とても個人的な話で恐縮なのだが、岡田さんは僕の友人だった。岡田さんは僕が学生時代よく通っていた三軒茶屋のレンタルビデオ店の店員だった。やたら大きな人だったが、とても人懐っこい顔で接客してくれる人だった。僕がアダルトビデオを借りる時、同じビデオを以前借りたことがあると岡田さんに助言してもらったこともあった。その後、格闘家ジャイアント落合としてデビューしたことは気付かなかったが、数ヶ月して僕のよく行く定食屋でアフロの巨体・ジャイアント落合がメシを食っていた。「高橋さん、お久しぶりです!」と言われて、初めてジャイアント落合=岡田さんであることに気付いた。驚いた。

そのころからビデオ屋の店員と客ではなく友人になれたと思う。岡田さんはビデオ屋でバイトしていただけあって、映画が好きだった。色んな映画の話をした。渋谷のどこのイメクラがいいという話もした。人妻出会い系で酷い目にあった話もした。一緒に合コンも行った。一緒に電車で高校生とケンカしたりもした。岡田さんの試合も観に行った。その試合では派手にKOされていた。岡田さんのTシャツを作ったりした。アントニオ猪木のお兄さんに会いに行って何故か一緒に3時間も正座したり、引っ越しの手伝いをしたりもした。

その後僕は田舎に帰ったが、定期的に「ジャイアント落合」で検索し、岡田さんが試合をしたことを知ればメールしたり電話したりした。「内容はどうあれ勝ちは勝ち」「実力つけて絶対這い上がりますよ!」とポジティブなコメントが返ってきたが、キャラ先行で、なかなか評価されないのを悲しんでいた。

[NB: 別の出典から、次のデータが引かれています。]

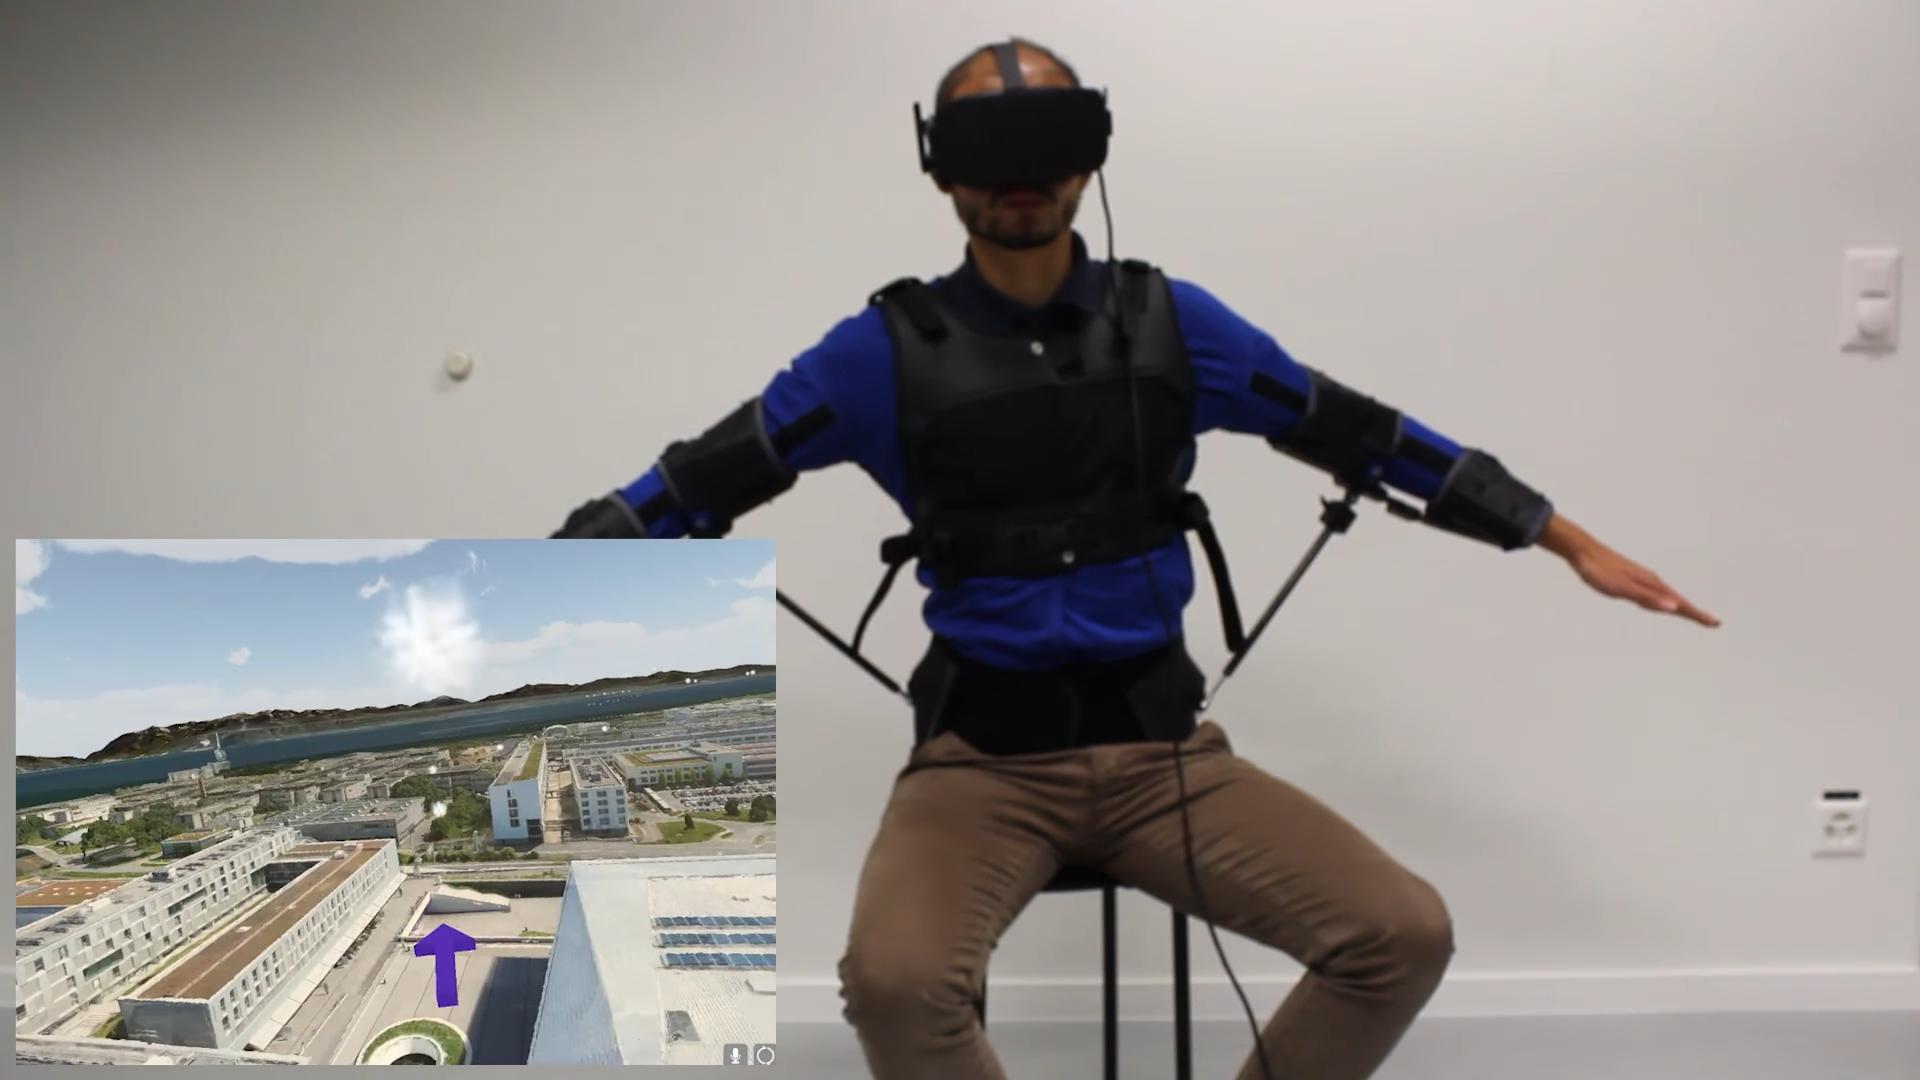 Исследователи создали экзокостюм для управления дроном движениями туловища

岡田さんとの最後の会話は、久々に定食屋に行く際に連絡した時だ。しかし練習だったかバイトだったかの都合で会えない、申し訳ないと言われた。僕は、いつでも会えるからいいですよ、また行くとき連絡します。と言って電話を切った。こんなことになるなら無理矢理にでも会っておけば良かったと悔やまれてならない。

僕は格闘家ジャイアント落合の表の顔についてはほとんど知らない。試合も3試合観ただけだ。でもプライベートの岡田貴幸さんのことはよく知っているつもりだ。いくらショッパイ試合をする選手だと酷評されても、岡田さんは常に前向きに頑張っていた。正直、WJの道場で倒れてからも、岡田さんが死ぬはずがないと、どこかで高をくくっていた。しかし岡田さんは逝ってしまった。

志半ばで死んでしまうのは、辛かっただろうし悔しかっただろう。俗世では、いまだにあなたのことをめぐって騒がしいが、とにかく岡田さんは安らかに眠ってほしい。心の底から岡田さんのご冥福をお祈りいたします。

しかし自分でも驚くほど、僕は本当に悲しいです。